See how well GMM and KM perform. Do both do well? Does one do better than the other? Do both do poorly?

### Very Distinct Clusters

In [None]:
d1 = pd.read_csv("https://raw.githubusercontent.com/katherinehansen2/CPSC392Hansen/refs/heads/main/data/GMM_Classwork_01.csv")



In [None]:
# K-Means


In [None]:
# GMM


TODO: Reflection

 Do both do well? Does one do better than the other? Do both do poorly?





### Cluster in Cluster

In [None]:
d2 = pd.read_csv("https://raw.githubusercontent.com/katherinehansen2/CPSC392Hansen/refs/heads/main/data/KMEM4.csv")



In [None]:
# K-Means


In [None]:
# GMM


TODO: Reflection

 Do both do well? Does one do better than the other? Do both do poorly?

### Oblong Clusters

In [None]:
d3 = pd.read_csv("https://raw.githubusercontent.com/katherinehansen2/CPSC392Hansen/refs/heads/main/data/GMM_Classwork_02.csv")


In [None]:
# K-Means


In [None]:
# GMM


TODO: Reflection

 Do both do well? Does one do better than the other? Do both do poorly?

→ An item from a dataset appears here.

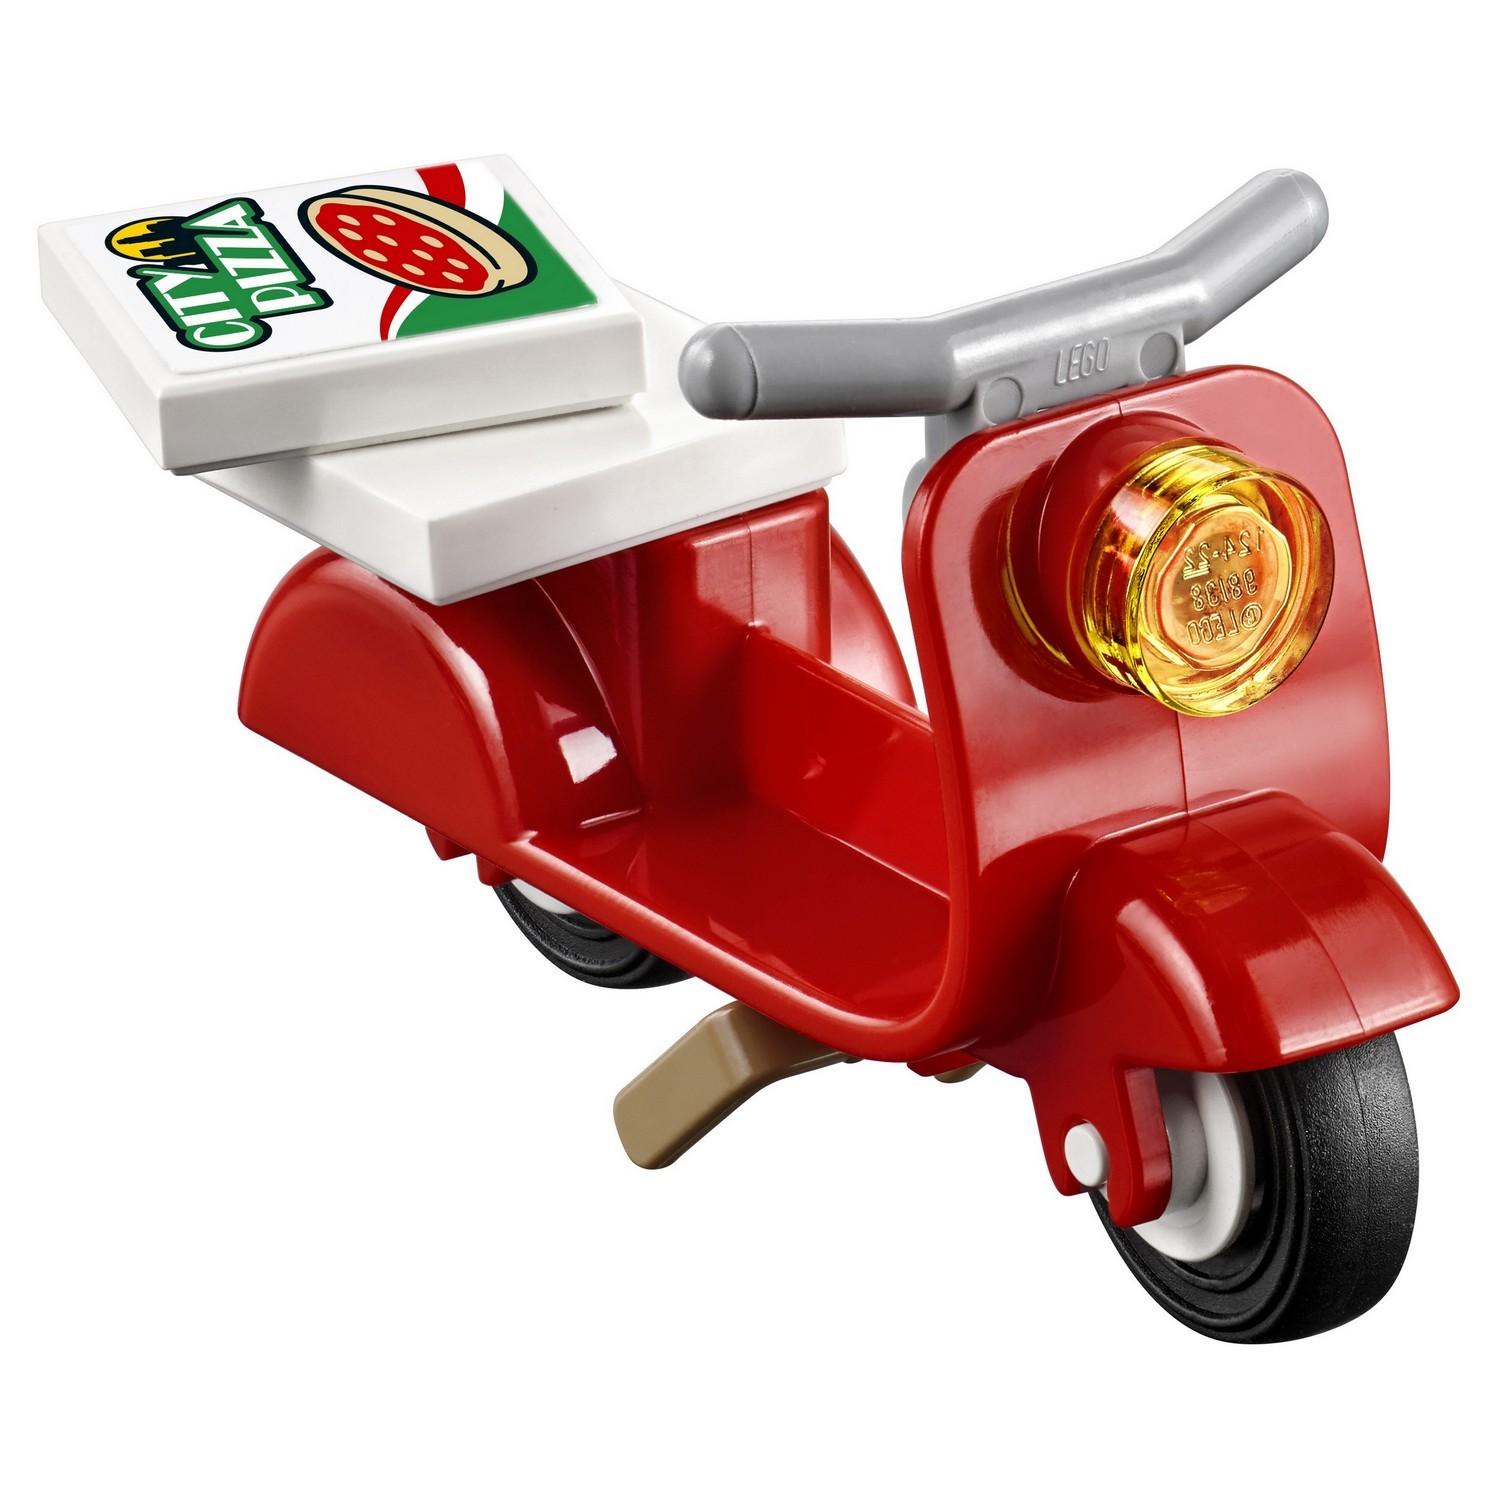 Lego City 60150 Фургон-пиццерия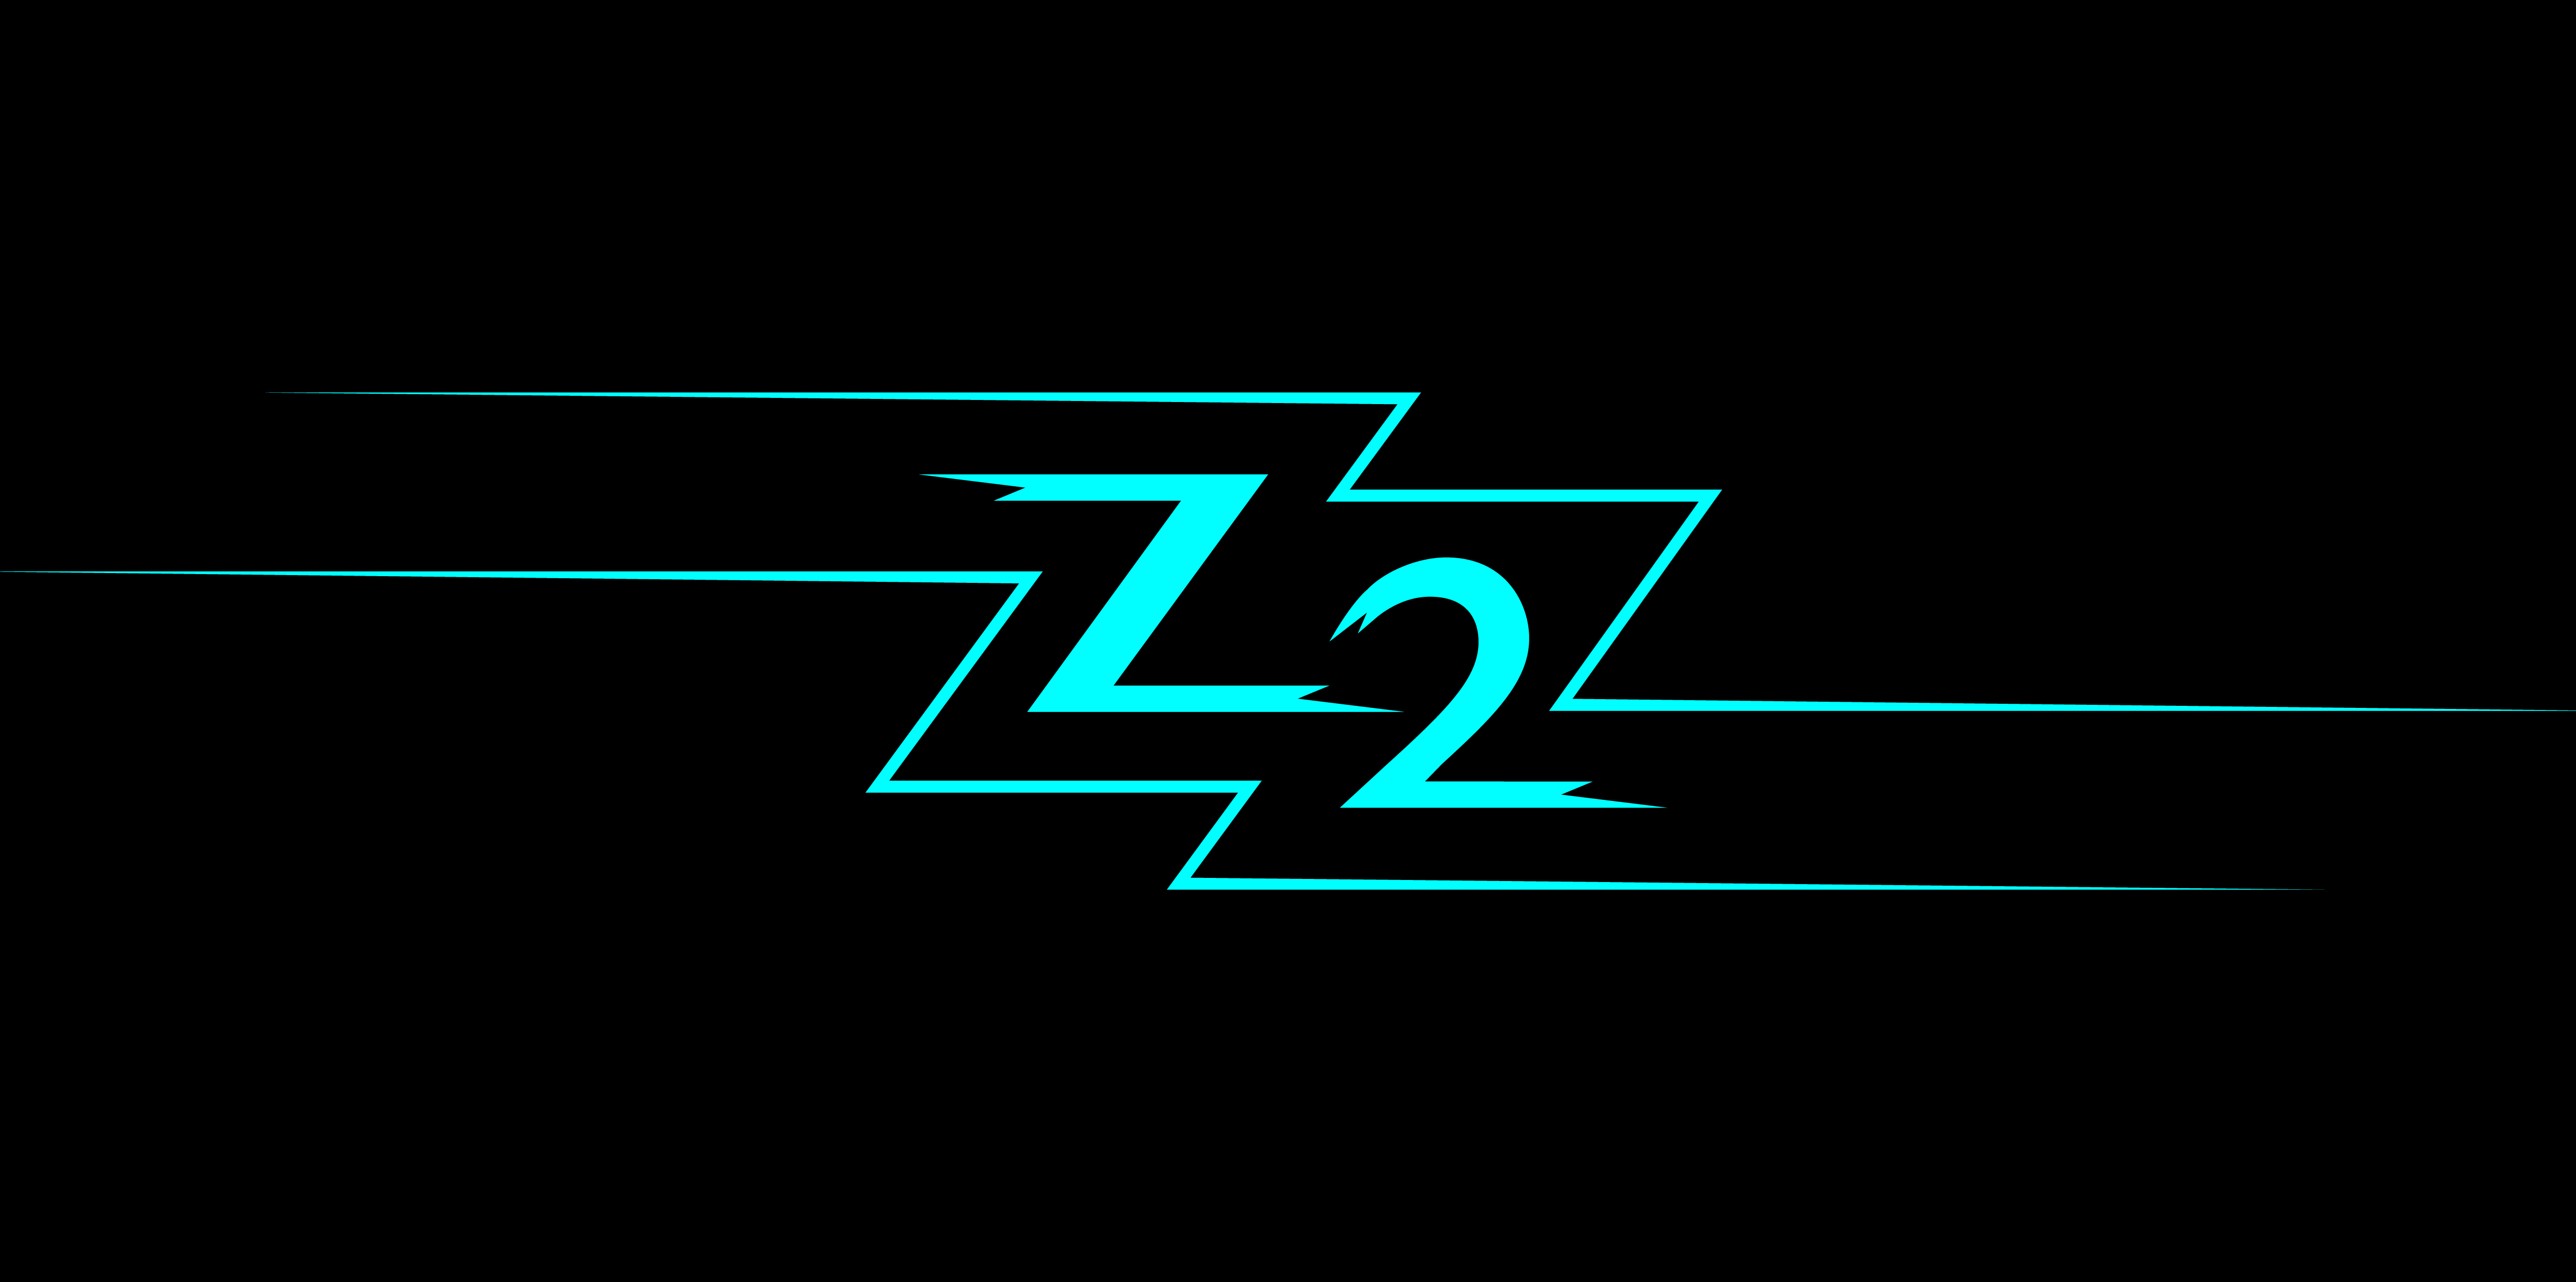 Z2 long

### Clusters with different variances

In [None]:
d4 = pd.read_csv("https://raw.githubusercontent.com/katherinehansen2/CPSC392Hansen/refs/heads/main/data/GMM_Classwork_03.csv")


In [None]:
# K-Means


In [None]:
# GMM


TODO: Reflection

 Do both do well? Does one do better than the other? Do both do poorly?

### Uneven sized Clusters

In [None]:
d5 = pd.read_csv("https://raw.githubusercontent.com/katherinehansen2/CPSC392Hansen/refs/heads/main/data/GMM_Classwork_04.csv")


In [None]:
# K-Means


In [None]:
# GMM


TODO: Reflection

 Do both do well? Does one do better than the other? Do both do poorly?

TODO: Reflection

What cautions will you now take when doing K-Means? In other words, what issues did this classwork present that might change how you apply clustering to real data?

### Cluster Stability
You may have already noticed this, but K-Means and EM will often give different solutions each time it runs. Run the following cells multiple times and notice how different (or not) the results are.

In [10]:
d6 = pd.read_csv("https://raw.githubusercontent.com/katherinehansen2/CPSC392Hansen/refs/heads/main/data/KMEM6.csv")

feat = ["x", "y"]
X = d6[feat]

scaler = StandardScaler()
X_scaled = scaler.fit_transform(X)

km = KMeans(n_clusters=9)
pred = km.fit_predict(X_scaled)

ggplot(d6, aes("x", "y", color = pred)) + geom_point() + theme_minimal() + theme(legend_position = "none")

In [11]:
d7 = pd.read_csv("https://raw.githubusercontent.com/katherinehansen2/CPSC392Hansen/refs/heads/main/data/KMEM5.csv")

feat = ["x", "y"]
X = d7[feat]

scaler = StandardScaler()
X_scaled = scaler.fit_transform(X)

gmm = GaussianMixture(n_components=9)
pred = gmm.fit_predict(X_scaled)

ggplot(d7, aes("x", "y", color = pred)) + geom_point() + theme_minimal() + theme(legend_position = "none")

TODO: Reflection

What do you think could cause this instability?

## Final Thoughts

I hope this classwork doesn't scare you away from clustering. Clustering is an incredibly useful tool! However, it's not a perfect tool, and like all the other models we've learned, you have to be careful and thoughtful in how you apply it. Now that you've completed this classwork, you should have a much better idea of the cautions you may need to take.